GM's ad deluge, capping the report's previous high of $3.1 billion in 1998, also set by GM, meant it drew $32.19 in U.S. revenue per ad dollar, low compared to the No. 2 U.S. auto marketer, Ford Motor Co., at $68.56. Refined to vehicle returns, the auto monolith spent $133 million in vehicle advertising to gain one market share point, more than double Ford's outlay of $61 million per share, casting a shadow on the effectiveness of the voluminous spending ratio.
Meanwhile, the 100 Leading National Advertisers advanced 11.7% in spending to $73.8 billion. GM's growth of 34.2%, though stunning, rated only 16th in size among this year's group.

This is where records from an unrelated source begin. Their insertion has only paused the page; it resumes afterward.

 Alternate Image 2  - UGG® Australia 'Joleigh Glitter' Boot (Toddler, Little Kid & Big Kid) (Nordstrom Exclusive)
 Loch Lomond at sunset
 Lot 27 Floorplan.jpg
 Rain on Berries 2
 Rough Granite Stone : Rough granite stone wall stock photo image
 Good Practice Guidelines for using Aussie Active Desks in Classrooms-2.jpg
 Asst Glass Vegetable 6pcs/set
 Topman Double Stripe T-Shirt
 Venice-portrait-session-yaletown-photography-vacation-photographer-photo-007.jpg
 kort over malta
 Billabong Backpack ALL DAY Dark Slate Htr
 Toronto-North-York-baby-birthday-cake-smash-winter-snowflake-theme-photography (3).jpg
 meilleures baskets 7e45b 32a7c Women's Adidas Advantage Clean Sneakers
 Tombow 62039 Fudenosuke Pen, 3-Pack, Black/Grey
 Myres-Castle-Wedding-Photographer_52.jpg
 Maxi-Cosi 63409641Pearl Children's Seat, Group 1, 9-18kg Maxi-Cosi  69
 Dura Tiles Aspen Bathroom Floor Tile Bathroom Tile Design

Growth-busters were paced by Hewlett-Packard Co., which saw spending accelerate 90.6%; closely behind is Charles Schwab & Co., up 89.1%. Other big gainers include Dell Computer, 69%; Intel Corp., 64.3%; General Electric Co., 61.3%; and Alltell Corp., 52.4%.
This ad onslaught crosses industry categories, showing the general influence of the robust economy on the marketing dollar.
Only one of the six top media ad categories ranking all advertisers by volume failed to grow faster in 1999 than in 1998: Telecommunications, up 17.7% versus 21.2% the year before, according to Competitive Media Reporting.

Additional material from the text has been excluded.